Not long ago I was one of the 52 percent. For me, a decade of carrying my growing family’s mental load had a distinct physical impact on my sleep, weight, and overall health as I ran the never-ending cycle of worry (Did I submit the child care FSA form?) and wonder (Can I find a way to volunteer for the field trip?). Lord knows, I love making a healthy to-do list if only to cross items off of it, but as life became more complex, I found I just couldn’t keep every ball in the air on my own.
This is not to say that my full-time, working-dad husband didn’t have his own list of concerns and chores to handle, but whenever a new school, camp, or doctor need arrived, I would jump in to deal first and explain to him later.
It was fine—until it wasn’t. And resentment began to blossom, sprouting higher and higher with each new color I added to our shared family calendar—shared in name only since I was the only one thinking about how to find time for everything, let alone how to get it all done in and around the hours of a full-time job that never contained itself to 40 hours.
I was serving as editorial director of Working Mother. How could I recommend to our readers that they share the load with their partners if I wasn’t able to do it myself? How could I recommend asking for help if I wasn’t able to admit that I had fallen into the trap of doing everything myself? It was time to talk.
My husband and I are masters at suffering in silence until we explode with stress. To keep that from happening here, I opted to try a similar strategy to one we’d adopted years before as a way to split up our much more visible second-shift chores.
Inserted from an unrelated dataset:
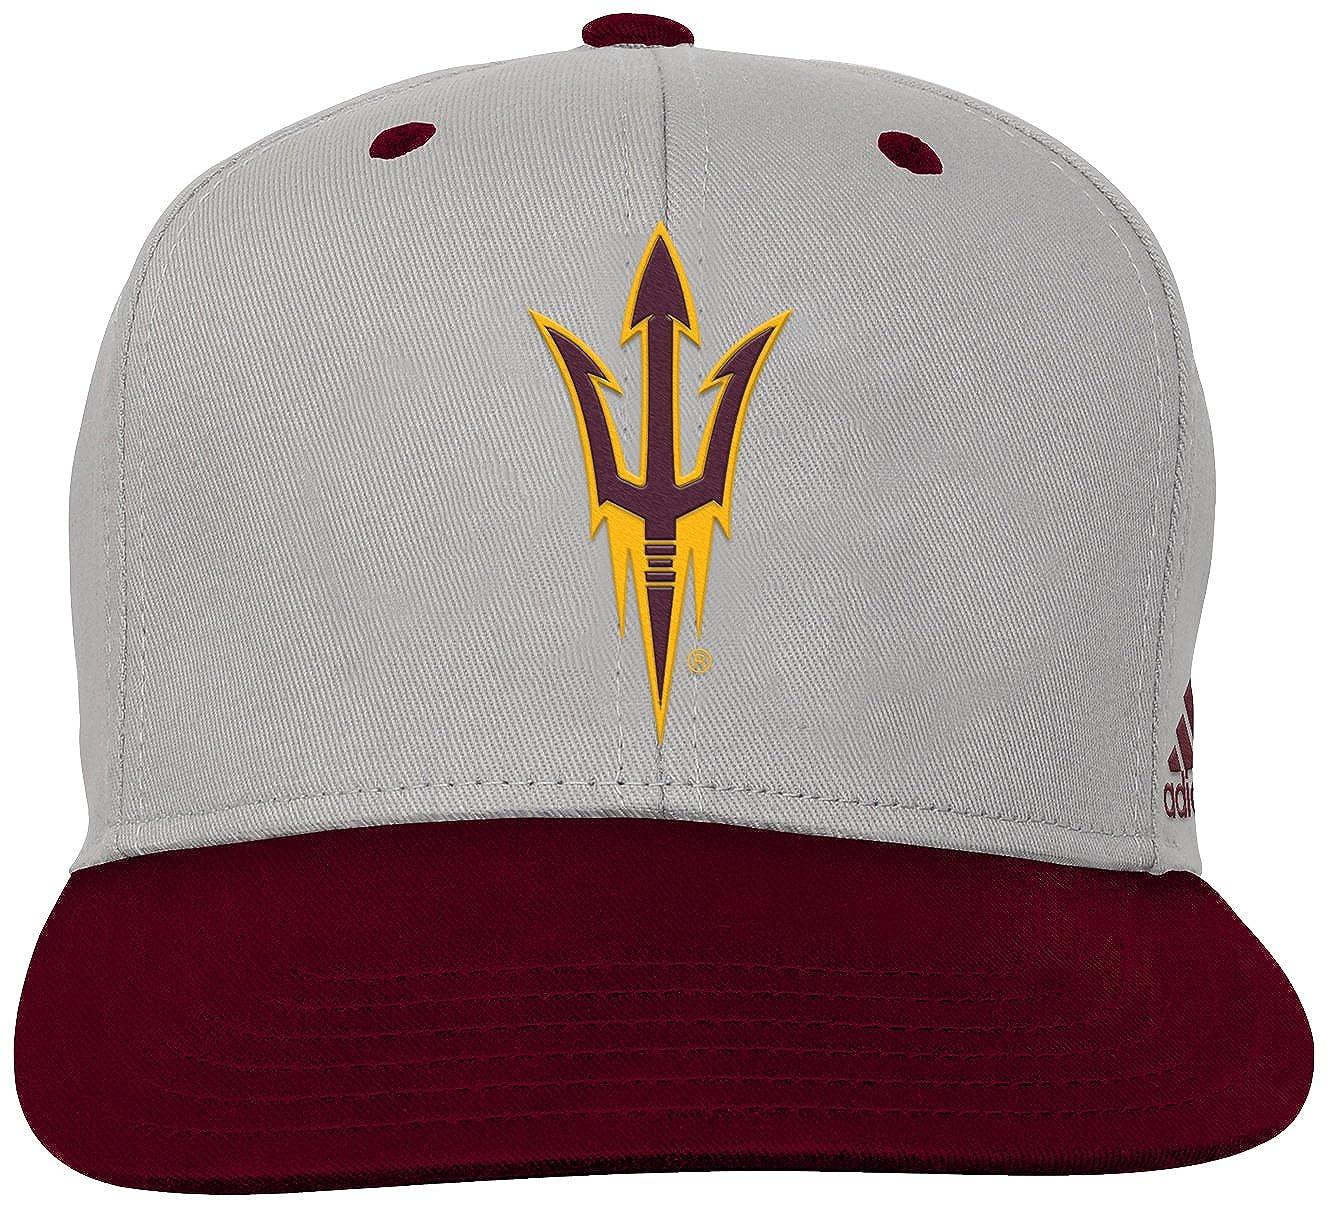 Classic Maroon NCAA Arizona State Sun Devils Youth Outerstuff Grey 2-Tone Flat Brim Snapback Hat Youth One Size

Having led the third-shift duties for so long, I volunteered to write down all of the planning, prepping and scheduling that went into our lives at that moment. Then I gave him first choice to pick the duties he wanted to manage.
Yes, he got first choice. But as with our second-shift chores, what has worked best for us is first acknowledging what needs to be done and then divvying it up according to our personal preferences. So today, while Brett tends to lead on more complicated singular projects, like family travel or our taxes, I handle ongoing scheduling, like doctor appointments and school events. We both deal with forms as they come in and the unexpected sick day is negotiated as they appear (rather than being solely my responsibility to handle).
For us, recognizing and tackling the work that goes into preparing for, say, the eight weeks of summer camp, travel, and family visits needed to get the kids from the last day of school to Labor Day weekend is one that is ongoing, especially as our work and family’s needs change. But knowing my partner is on the case when it comes to getting all the permission forms filled out before they’re due to summer camp or knowing that he’s just as likely to run out to pick our sick daughter up from the nurse’s office as I am not only lessens my mental load, it means today he’s even more involved in running the business of our family than ever before.
He’s also more informed on what’s happening across our kids’ increasingly complex lives—not a given once you enter Teen Time—and knows that jumping in to handle planning something without me asking is the surest path to a big hug and a kiss from his wife.
The next step will be to employ the kids themselves in at least some of our family’s third-shift work but let’s be honest, at this point just getting them fully engaged in the second shift is hard enough.